### [PROBLEM DETAILS]
From the line that contains "Dimensions: D110 x H30 cm" to the last line of the entries, write each line out exactly; include both ends and nothing else.

Extracted records
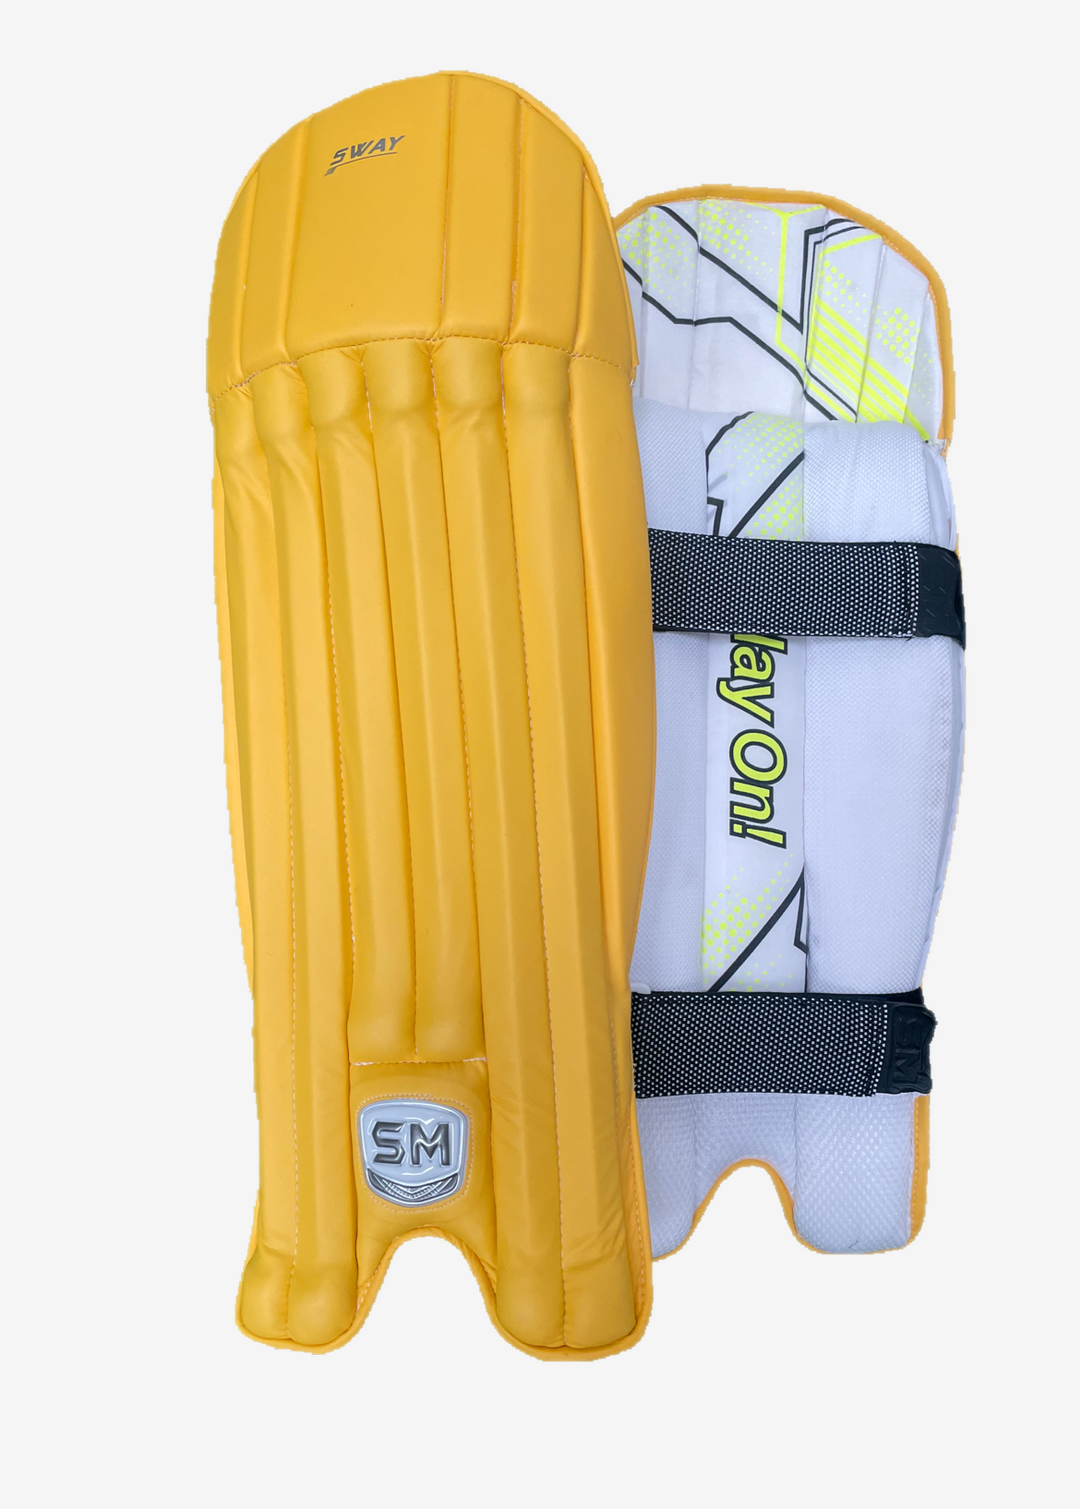 SM Coloured Wicket Keeping Pads
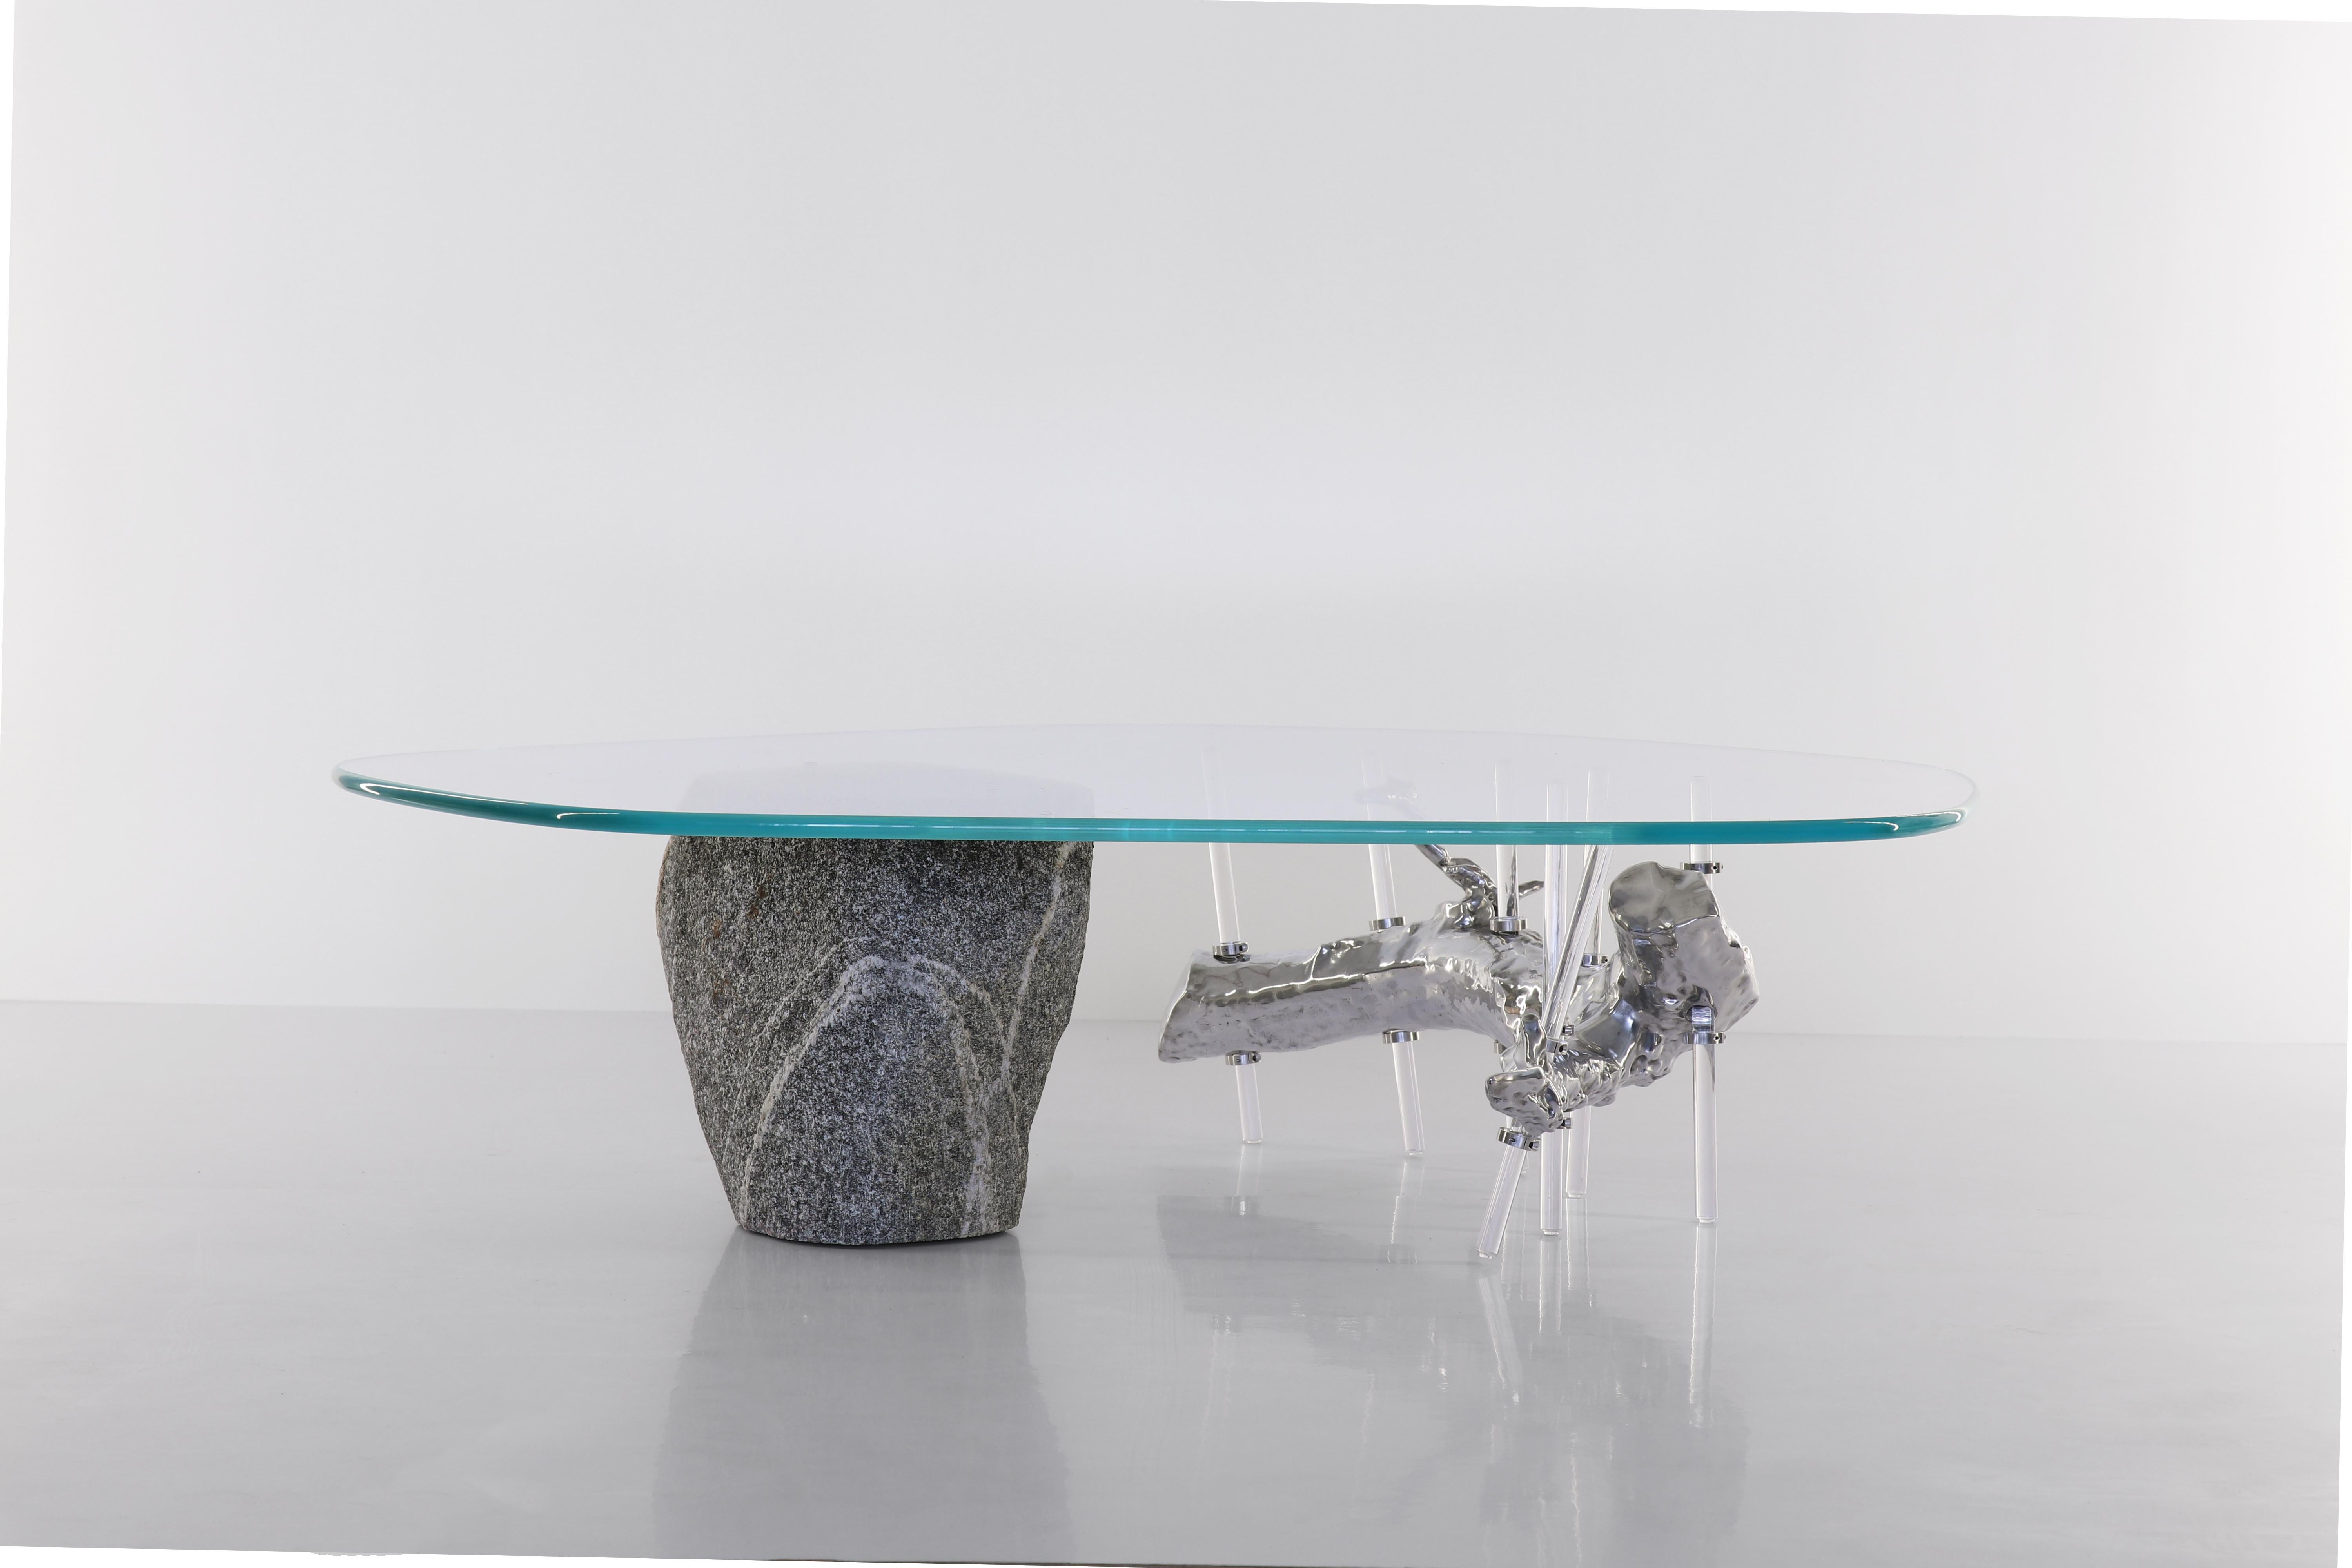 Specimen coffee table by Batten and Kamp
Dimensions: D110 x H30 cm
Materials: Cast aluminium, granite stone, tempered low iron glass.

The coffee table ‘Specimen’ features an aluminium casting of a gnarled branch and a cut and polished granite

### [ANSWER SECTION]
Dimensions: D110 x H30 cm
Materials: Cast aluminium, granite stone, tempered low iron glass.

The coffee table ‘Specimen’ features an aluminium casting of a gnarled branch and a cut and polished granite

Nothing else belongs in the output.